Everything started at the age of 14, when James Harrison underwent a major thoracic surgery operation, during which one of his lungs was removed. In order to ensure the success of the surgery, he received a massive blood transfusion of around 13 liters, which saved his life.
To thank all the donors who contributed to make his surgery a success, he decided, as soon as he turned 18, to save other people's lives through donations, in spite of his strong distaste for needles. Thus, he has never watched a needle go into his arm and always turned his head during each donation, while he was trying to ignore the pain whenever one was inserted into his arm.

After becoming an adult, Harrison kept and honored his word, donating blood regularly with the Australian Red Cross Blood Service. Along the way, medical professionals made a stunning discovery: Mr. Harrison’s blood contained a rare antibody necessary to make a medication that could save babies from a potentially fatal disease called Rh disease; we’re going to explain that to you.
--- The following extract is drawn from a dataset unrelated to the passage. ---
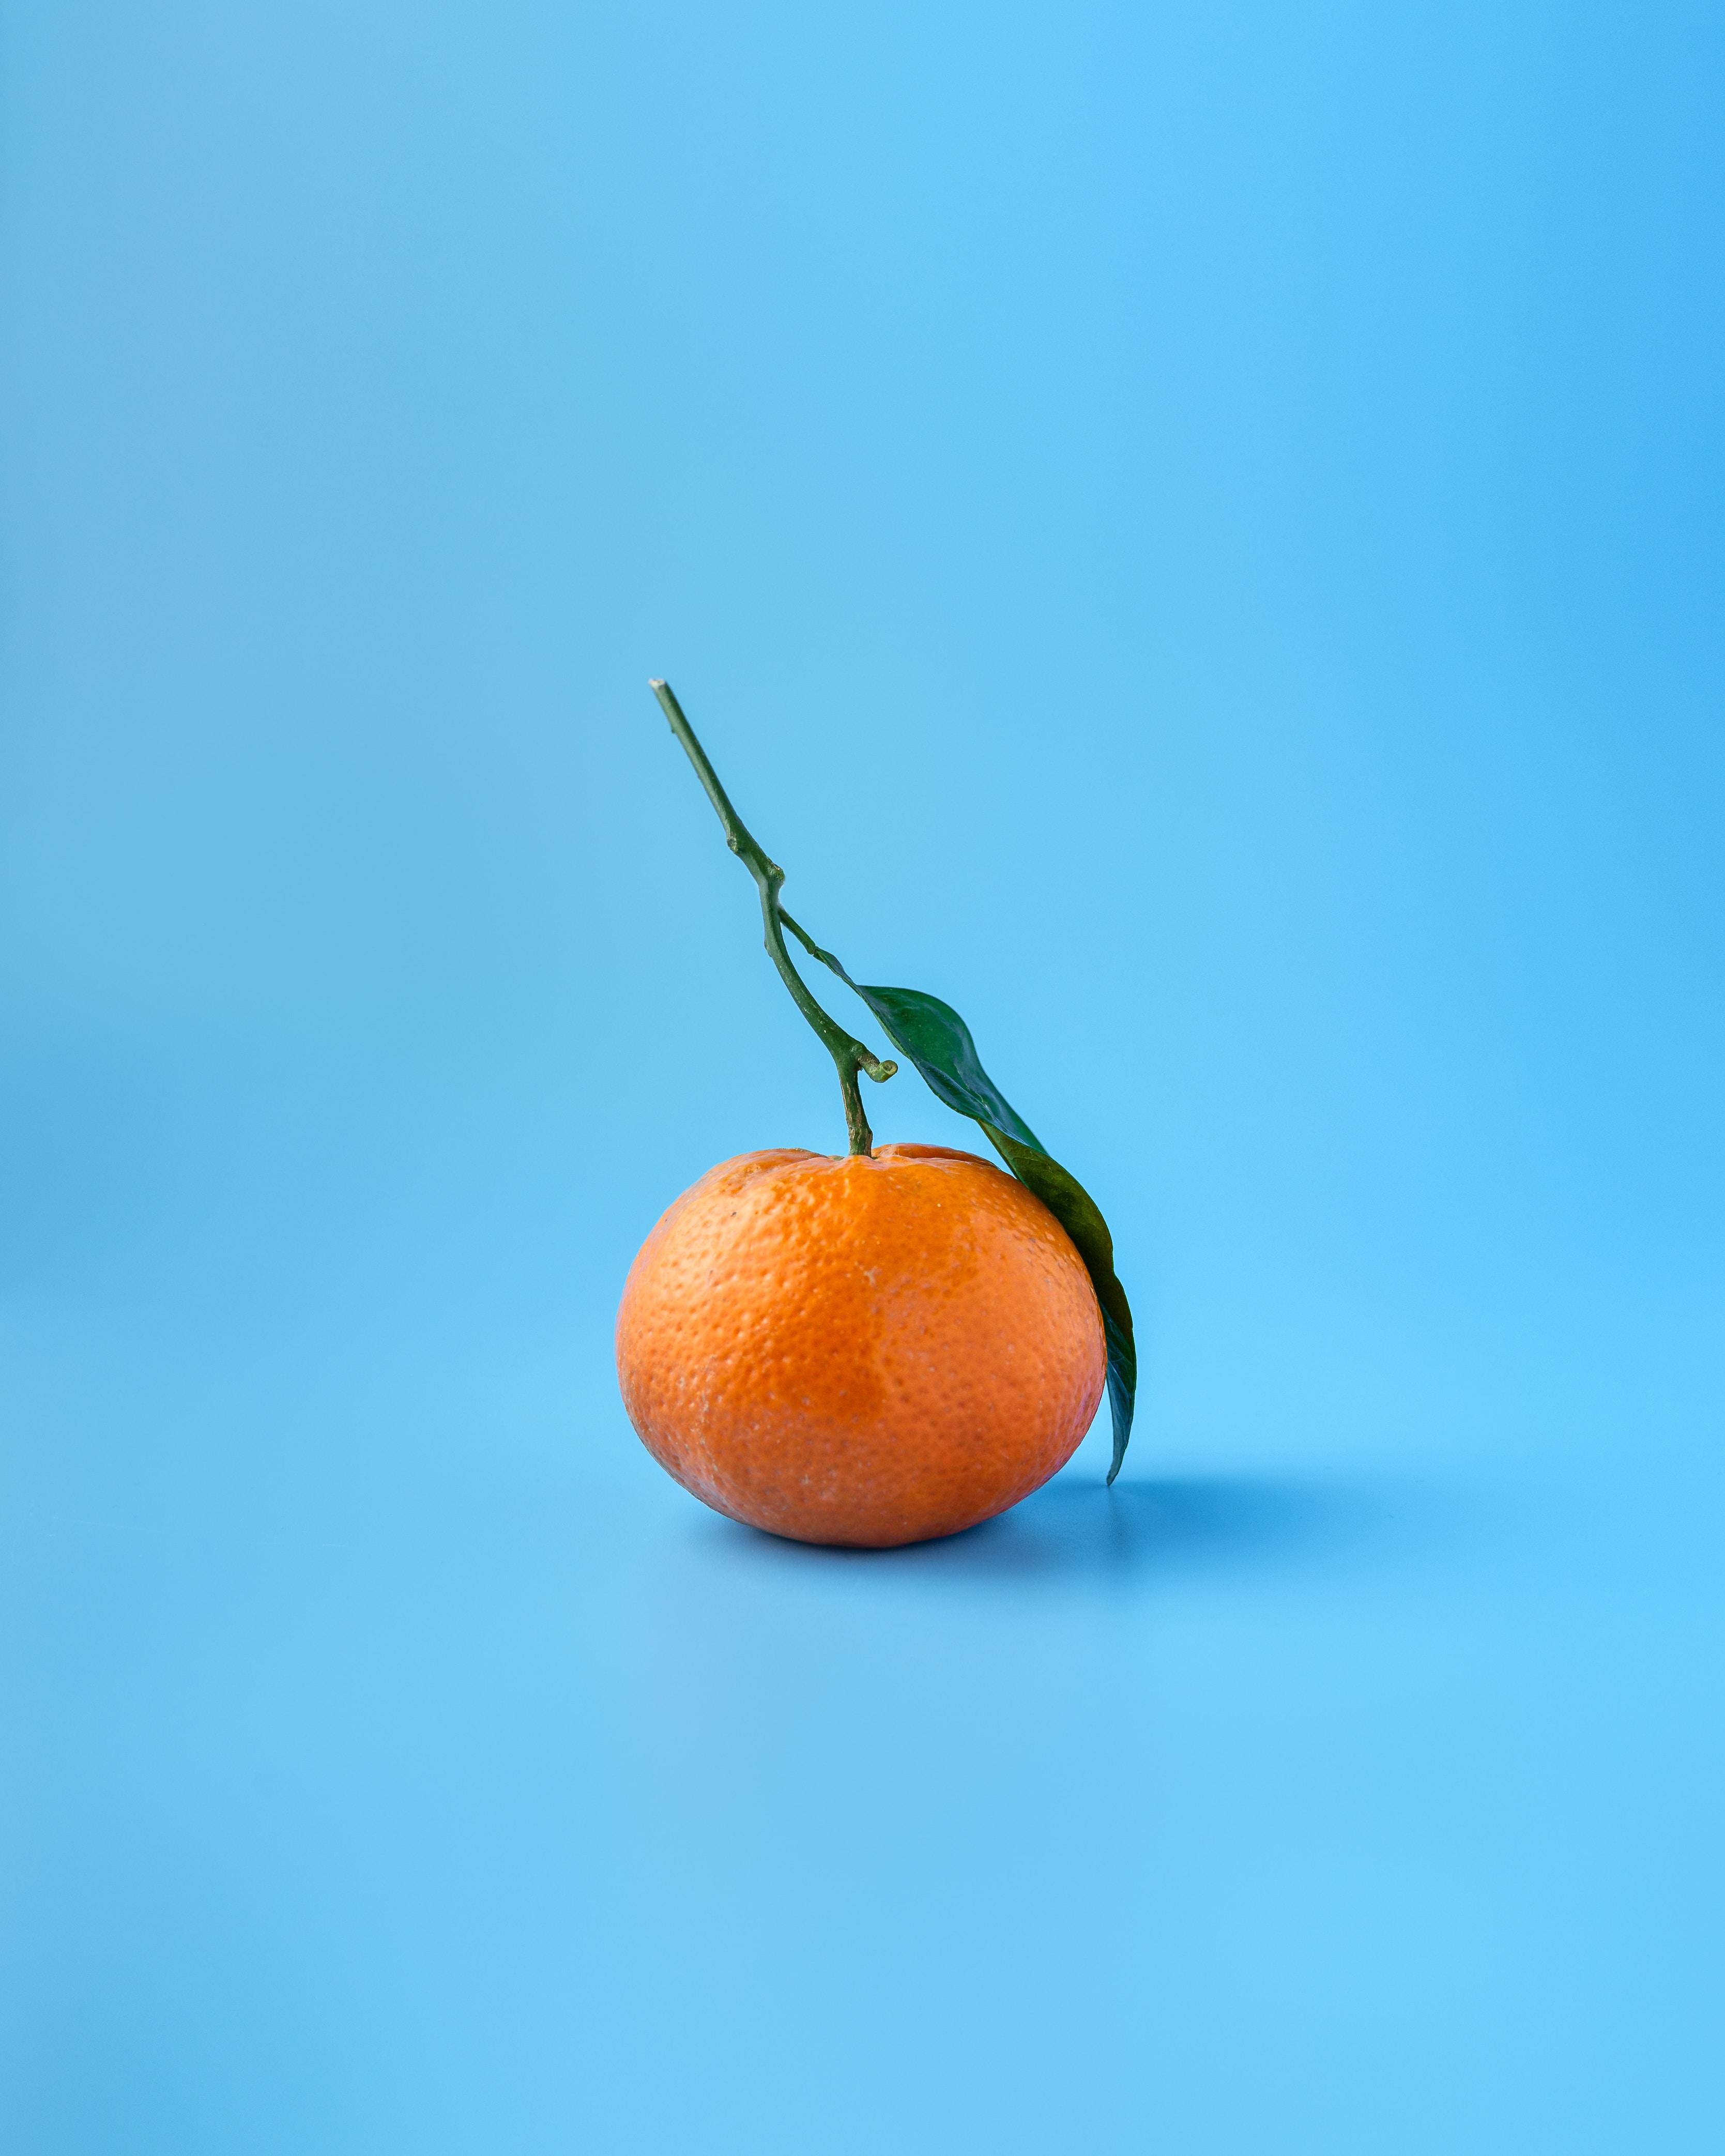 Czy pomarańcze mają najwięcej witaminy C? Właściwości zdrowotne pomarańczy. Pomarańcze - wartości odżywcze. Dlaczego warto jeść pomarańcze? Co kryje w sobie skórka pomarańczy? 

As you probably know, your blood type is either "positive" or "negative." This is caused by a protein called the "Rh factor" located on the surface of red blood cells. When people have this protein, they are said to be "Rh positive," while if they lack the protein, they are "Rh negative."
For most people, whether they are Rh positive or Rh negative isn’t that important/ or a life changer. However, for pregnant women, there can be problems when the mother is Rh negative but the fetus is Rh positive.
That's because the mother's immune system sees the Rh-positive blood cells of the fetus as "foreign" and makes antibodies against them. These antibodies can potentially cross the placenta and break down the fetus's red blood cells. In the worst cases, it can result in brain damage, or death, as today, such a Rh incompatibility is one of the leading causes of illness and mortality in newborns.
That is why the particular antibody found in Harrisson’s blood allowed doctors and medical professionals to develop a medicine which helps fight against rhesus disease.
As a matter of fact, scientists still aren’t sure why Harrison’s body naturally produces the rare antibody but think it is related to the blood transfusions he received as a teenager.

Finally, on 11th May 2018, the 83-year-old made his final donation after more than 60 years and 1173 donations regretting he couldn't continue because he had reached the age limit for blood donors in Australia: "I'd keep on going if they let me" he said.

Conclusion :
To conclude, there’s no denying that courageous actions that forced heroes to risk their own lives to save other peoples are more memorable and more likely to be remembered. That’s certainly why we tend to forget or ignore other heroes’ actions because they are less impressive. That being said, the example of James Harrison (we presented you today) shows that even if we save millions of lives, we may still not be known for the actions we’ve accomplished.



Réponse : Présentation/donneur de sang de gerondif, postée le 06-03-2020 à 19:25:15 (S | E)
Bonjour
During 60 years, he (has) donated blood nearly every week.

Les deux pendant :
J'ai été malade pendant une semaine pendant les vacances.
I was ill for a week during the holidays.

Trouvez la question :
When were you ill ? During the holidays. au cours des vacances, complément de temps.
How long were you ill ? For a week : complément de durée.



Réponse : Présentation/donneur de sang de gerold, postée le 07-03-2020 à 10:46:53 (S | E)
Bonjour
Dans la conclusion : to save other peoples, -s est de trop.